Gostei muito da sua colocação e argumentação, parabéns.

Em resumo: Primeiro "Ser", depois "Ter"

Queria colocar que embora concorde, integralmente, que o primeiro passo da mudança é em nós mesmos, o debate sobre profissionalização e representativa não se esvazia, pelo contrário ainda é necessário mudança de postura da classe como um todo.

Também concordo com o colega que as outras engenharias (algumas mais, outras menos) apresentam problemas de representatividade no conselho.

Mas isso não é desculpa para não arrumarmos nossa casa. Estão de acordo?

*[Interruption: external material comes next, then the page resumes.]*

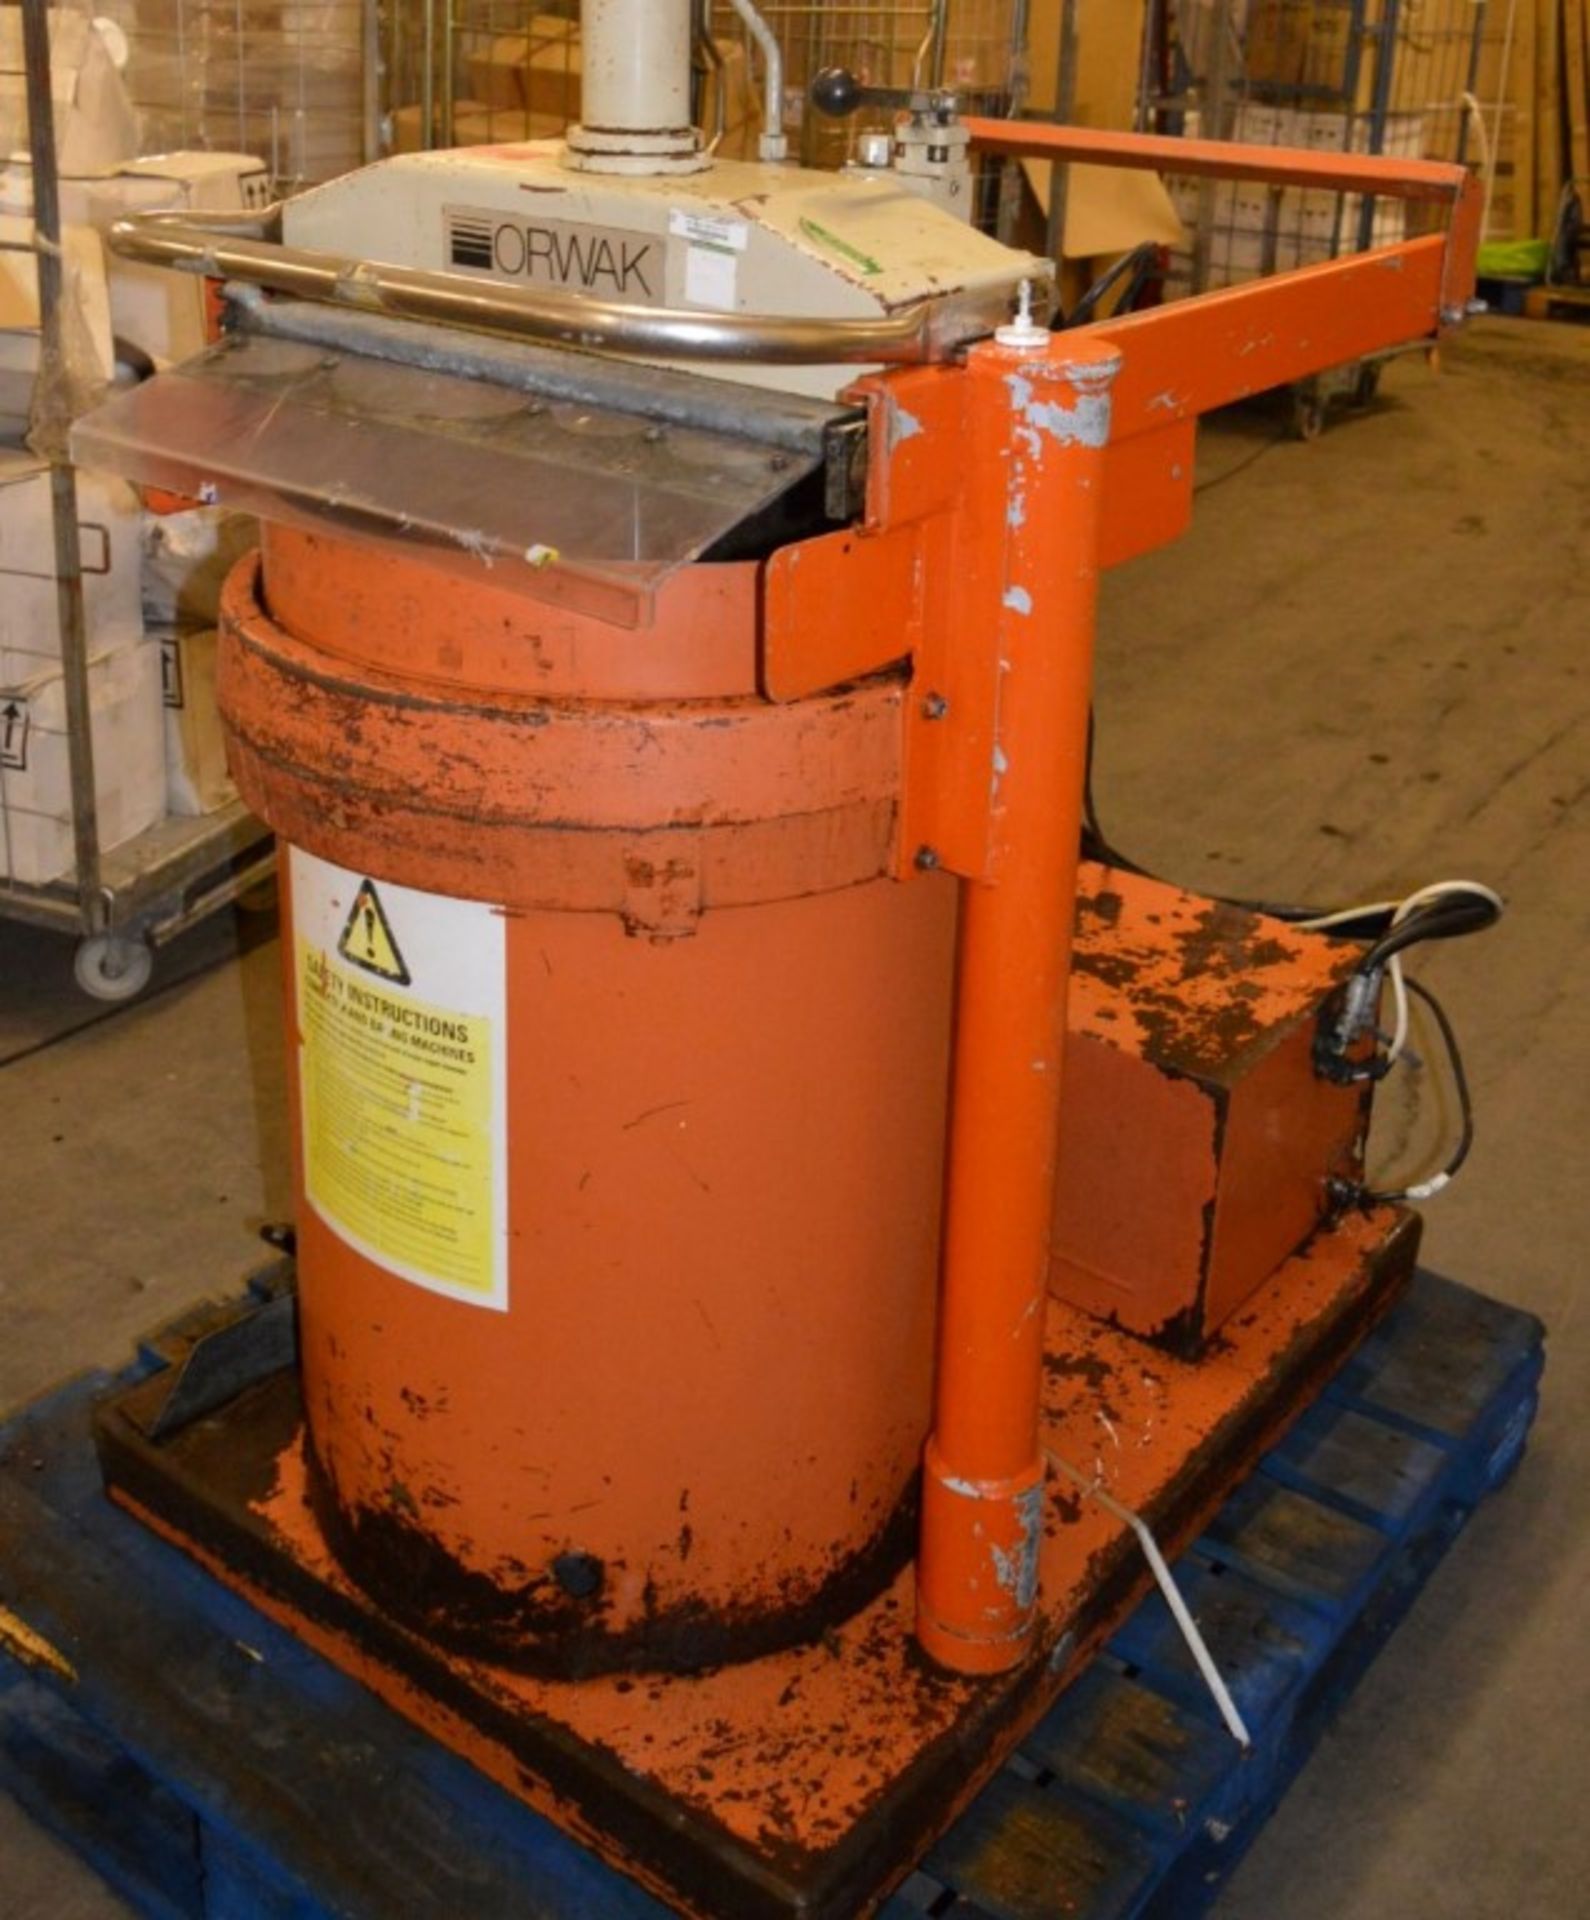 1 x Orwak 5030 Waste Compactor Bailer - Used For Compacting Recyclable or Non-Recyclable Waste - - Image 2 of 4

Colocaram um ponto que repito muito para meus colaboradores:

O engenheiro agrônomo do presente precisa deixar a visão bucólica da atividade e precisamos responder, de forma efetiva a sociedade, sobre nossa importância e como atuamos.

Neste contexto as questões de uso de recursos hídricos, ambientais, agroquímicos e etc precisam ser esclarecidas e convencidas de sua importância na produção de alimentos, energia e etc.

Em suma: O engenheiro agrônomo é cada vez mais um profissional urbano cujo meio de produção é a cadeia do agrobusines, sendo que, a sociedade é sedenta por respostas nossas. 

Não podemos nos esconder nas fazendas e esquecer da cidade, que no final, são quem nos paga!

Caros colegas. Esta situação é via de regra. Em determinada época visitava lavouras de tomate em Minas e Goiás.

Jamais encontrei fiscal do CREA ou algum extensionista da EMATER, isto em ambos estados.

Devido a falta de fiscalização cheguei a presenciar, um fato no mínimo criminoso. Um contrabandista vendendo defensivos do Paraguai, e proibidos no Brasil.

Os CREAS são voltados as engenharias urbanas com maior enfase,basta ler uma revista do CREA local. De vez em quando lá no final da revista uma reportagem acanhada com alguma referencia à agronomia. Lamentável ! Nosso colega,Francisco César Dias tem razão, esta na hora de organizar o nosso próprio concelho.

Boa noite a Todos

Eu iniciei essa discussão, quase como um desabafo, pois há muito tempo faço questionamentos aos meus colegas do CREA sobre a fiscalização do exercício da profissão. E eles somente me dão respostas evasivas.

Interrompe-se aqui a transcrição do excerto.